We also noticed that people looked at us quite strangely a few times. The conclusion for the rudeness was that some people may have thought my mother and I were actually lovers, not mother and daughter on vacation together as we actually are. I did say to mom that she was totally punching well above her weight because I am super hot and rich. Mom laughed. It was a good moment.
Later in the tour I stopped to rest my aching feet while my mother took the boys around the corner to see a guard on duty in the red jacket and bear hat thing that they wear. So she wheeled off James and Adam flew and fluttered in zig zags around her as they went over to another corner of the courtyard.
Shortly after she left one very tall guard, flanked by three seemingly very small guards came stomping through in the same direction that mom and the kids had just gone. I found out upon my mother’s return that the stompy guard guys headed over to the other stompy guard guy to ask him if he needed a pee break. They also got to see James fall out of his pram as mom reeled to get out of their way as they stomped by. Comical.
We walked back toward the exits by my favourite bit of the entire castle. A waterfall that runs into a little pond down some steps behind a walled garden. I like gardens. And I really like waterfalls and ponds too. I do not super like the aristocracy, but the history, architecture, and art are a marvel and I eat marvellous for breakfast.
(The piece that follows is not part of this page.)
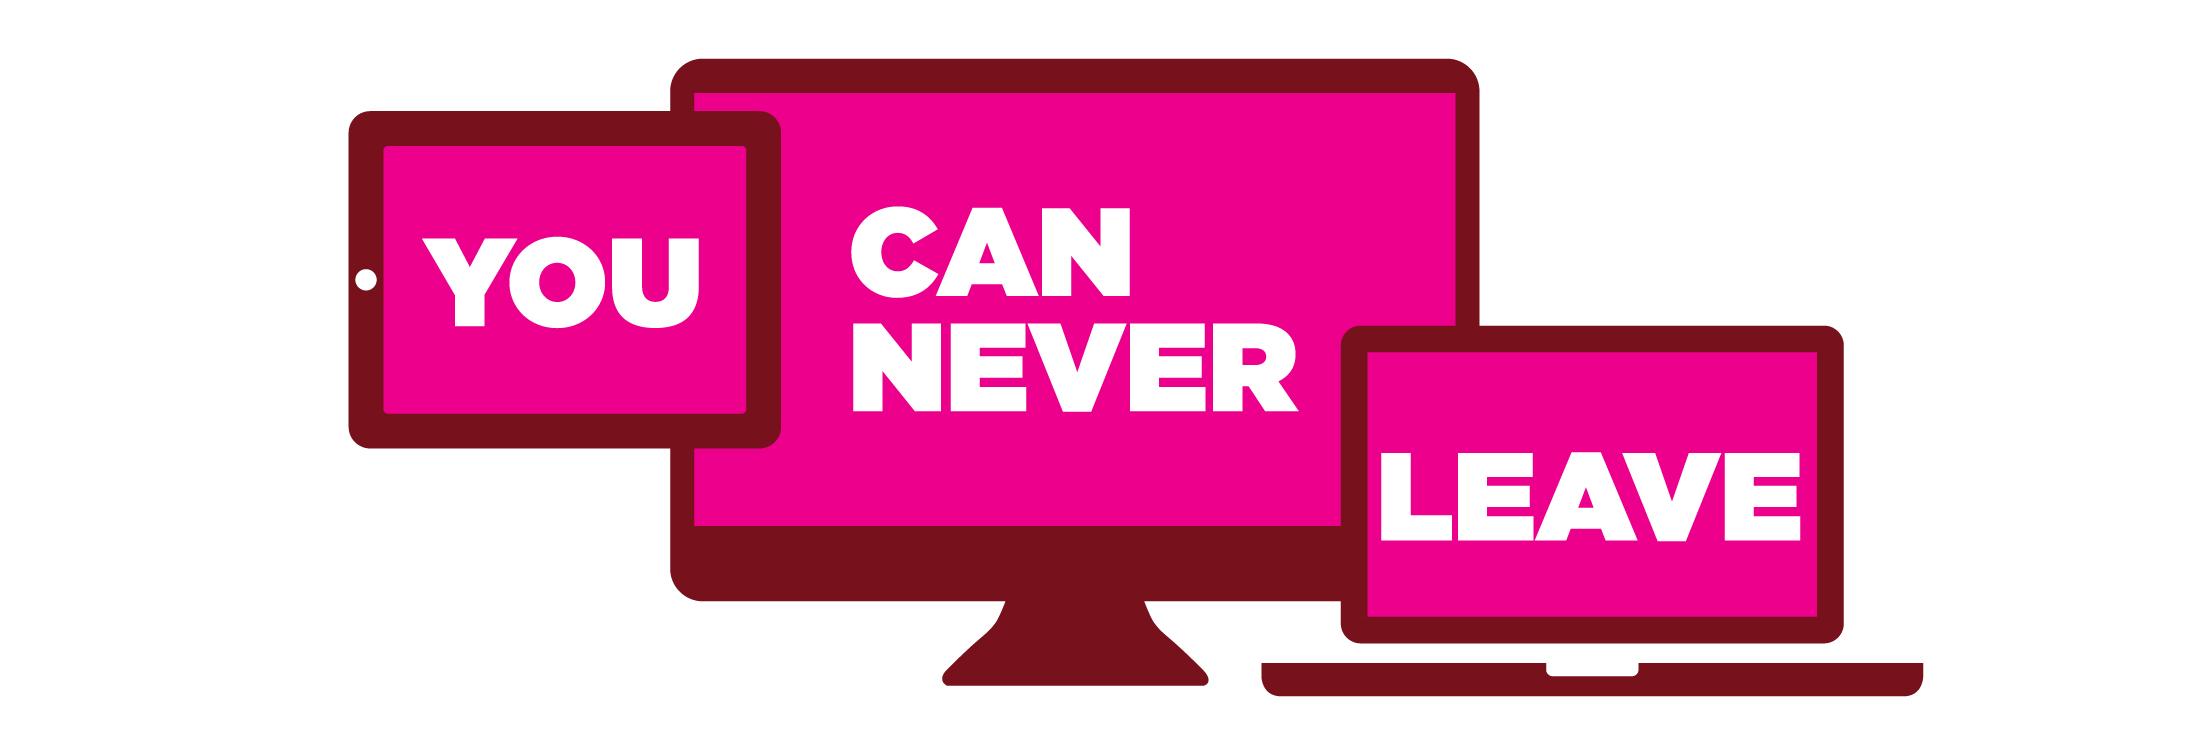 never_leave.jpg

The stompy guards then returned, probably after asking if some other stompy guard needed to pee, and I walked over to mom as they stomped past us and said, “You know, I think I totally need a boyfriend with that level of self control.” to which my darling mother responded with a loud snort and belly laugh. She looked at me with an earnest stare and patted my arm and said: “Oh my, someone with that much self control would never be interested in you darling.” I laughed. She’s right. I’m not exactly a magnet for the pious or stern. And that’s just fucking fine by me.
The last stop today was the war memorial in Runnymede. Adam was still awake at this point, and James had well and truly already crashed for the day. We got there and explained to him where we were and what it meant.
“Should I get down on my knees and pray?” asked my middle son with earnest.
“If that is what you feel like doing, you should absolutely do it.” I responded.
Then Adam ran out onto the grass, 500 metres away from the entrance of the memorial and dropped to his knees and started to pray. We called him back and said that this wasn’t the place.
“Oh, I shouldn’t have prayed there then.” He said in a playfully sheepish way. “No, no, no.” I interjected. “You should pray and/or meditate whenever or wherever you are moved to do so.” I said. “And you don’t have to call or imagine that is like a traditional God, you can call it whoever and whatever the fuck you want when you are moved to pray honey.” My mother snort laughed again. It was a good moment.
So I’ll leave it there. Today was good. We just paid 25 quid to get our laundry done, and now I need to wake up the children and roll them downstairs to grab a bite to eat.
Thank you for reading. There’s not much point to this one I know, I am just really enjoying writing.